Last week, the Senate of my home state, Virginia, voted unanimously to prohibit public colleges and universities in the Commonwealth from giving preferential treatment to applicants related to alumni or donors. A similar bill is working its way through Virginia’s House of Delegates. 


The legislation would make Virginia the second state, after Colorado, to ban legacy preferences. Senators Tim Kaine (D-Va.) and Todd Young (R-Ind.) have introduced similar legislation in Congress.


Unanimous agreement on any bill is rare in today’s polarized political climate, perhaps even suspicious. With some legislation there is more than meets the eye. In this case there might be less.


Legacy preferences have come into scrutiny in the wake of the Supreme Court decision outlawing racial preferences in the case involving Harvard and UNC-Chapel Hill. That is a good thing. I have previously described legacy preferences as a kind of transfer of property, similar to country club membership being passed on to the next generation, a characterization subsequently quoted in a New York Times editorial. 


Legacy preferences are far less defensible than racial preferences. That explains the unanimous vote. One can certainly question racial preferences, but they were devised for a laudable goal, intended to redress past discrimination by increasing access to previously underrepresented groups. In contrast, legacy preferences serve to protect privilege. What public official, even those who have benefitted from legacy preference themselves, is going to defend the practice?


Giving preference to legacy applicants is questionable for any college or university, but the practice is particularly pernicious at public universities, which are supposed to serve all the residents of their state. I say this recognizing that cuts in state funding for higher education have led many flagship public universities to seek out-of-state students as a means of bringing in revenue.


So the bill has a worthy purpose. I find myself wondering, however, especially in light of the unanimous vote, whether it is nothing more than feel-good political theater.


Both legacy preferences and racial preferences impact a small number of institutions. At the vast majority of colleges and universities, any applicant judged qualified for admission is admitted. It is only at a certain level of selectivity where admission becomes zero-sum, where admitting one applicant means that another qualified applicant loses a slot.  


A report in December from the National Center for Education Sciences reported that 578 institutions consider legacy status in the admissions process, but only about ten percent of those admit fewer than 25 percent of their applicants. At most colleges giving preference to legacy applicants does not disadvantage other applicants.


In Virginia there are only three public universities potentially selective enough for legacy preferences to have significant impact in admission. One of those, Virginia Tech, announced last fall that it would no longer consider legacy status in its admission process.


That leaves William & Mary and the University of Virginia, the two most selective publics in the Commonwealth, both considered to be “public Ivies.” In the wake of the Supreme Court decision on race-based admission and the subsequent scrutiny on legacy admission, U.Va. removed legacy status as a box to be checked on its application, but did add an essay allowing applicants to write about a “personal or historic” connection with the university and how that may have influenced them. 

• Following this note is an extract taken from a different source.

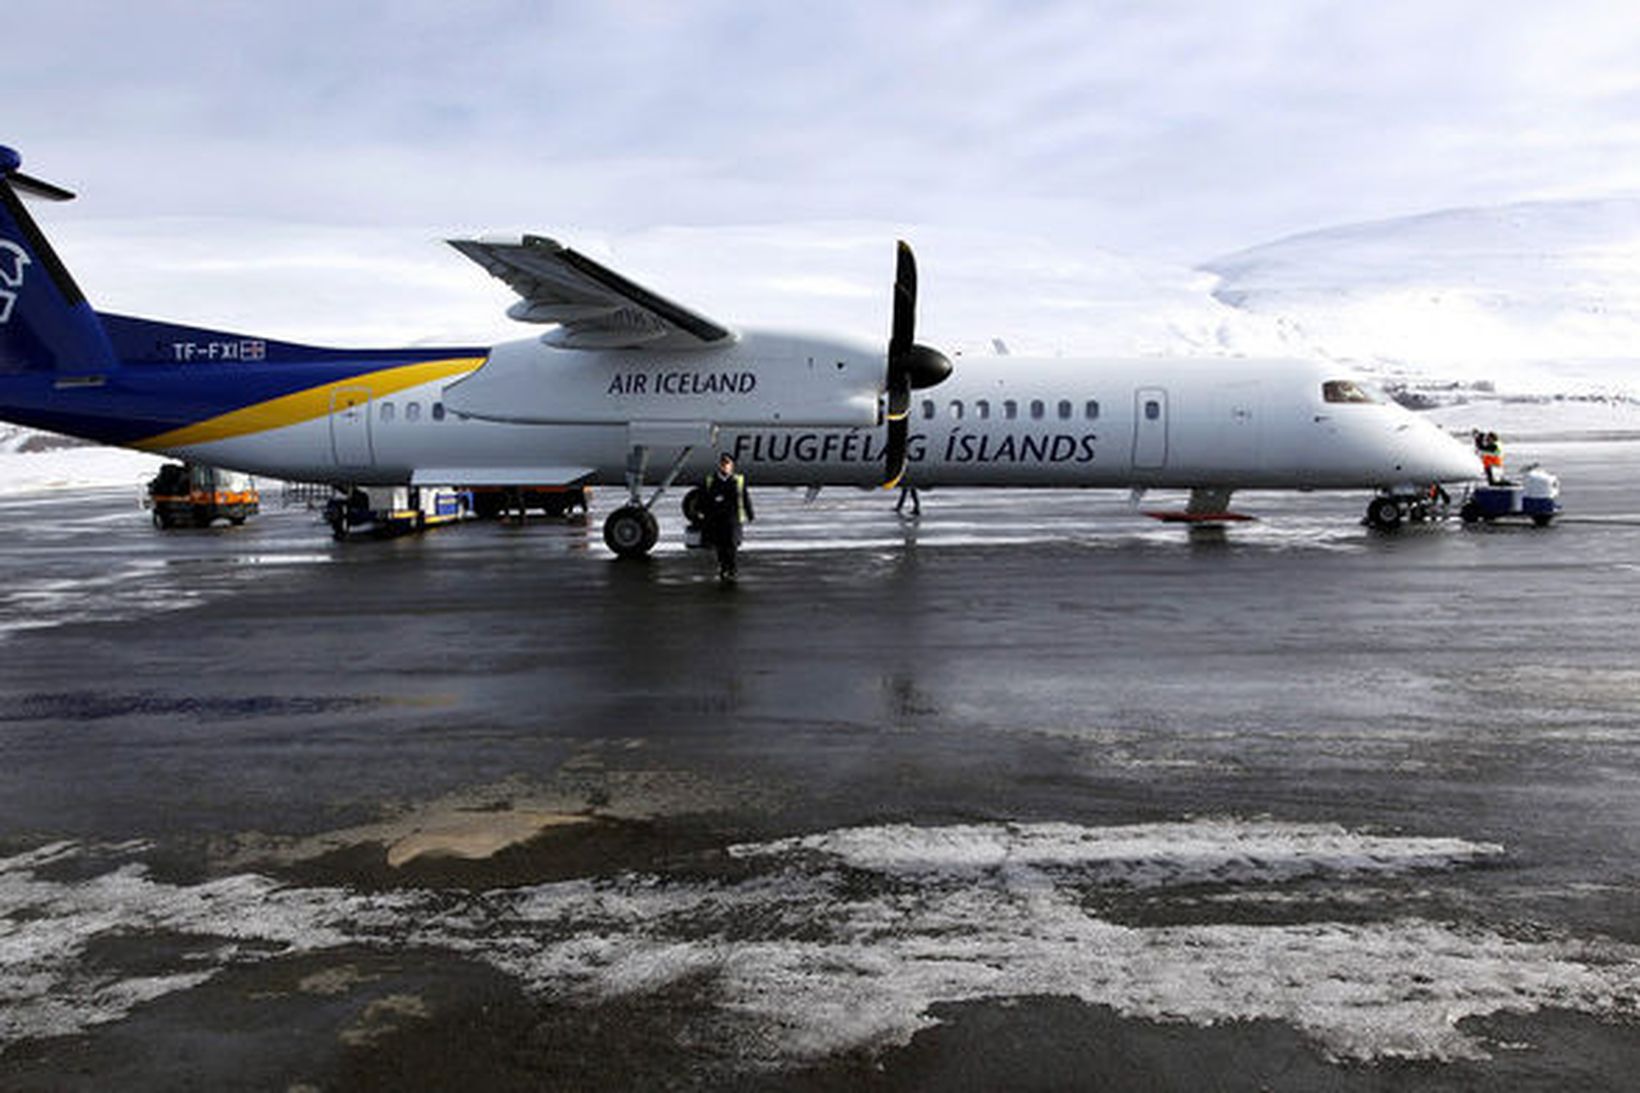 Jómfrúarferð Bombardier Q400 flugvélar var miðvikudaginn 2. mars 2016.

William & Mary released a statement that its competitive admissions process includes consideration of “indicators of an individual’s propensity to enroll.” Legacy status is one of those factors, as is seeking an interview or visiting campus. That suggests that W&M sees legacy status as a potential measure of demonstrated interest.


During my nearly 40 years as a college counselor, those two schools have been among the most popular choices for my students, and I have never seen legacy status provide a huge boost at either of them. U.Va. has always considered out-of-state legacy applicants as if they were in-state students, but I have never seen a “bump” for in-state legacies. At one point there was a process at U.Va. for political cases and students with connections that operated outside the admissions office, but I don’t see any evidence that it continues today. If legacy applicants receive any consideration at either place, it is at the margins.


The hidden issue, of course, is the “preferences for me, but not for thee” mindset. At one private college I’m aware of, alumni would complain about the college admitting risky applicants (which it did a great job successfully educating), only to want to make an exception for weak applicants from their own families or friends’ children. I also remember hearing about a powerful state legislator who threatened to cut one university’s state funding if it didn’t admit a weak but connected applicant who happened to be a constituent. 


Will the same legislators who unanimously voted to outlaw legacy preferences practice what they preach and no longer exercise political clout by advocating for politically-connected applicants? That may be the real legacy that needs to be abolished.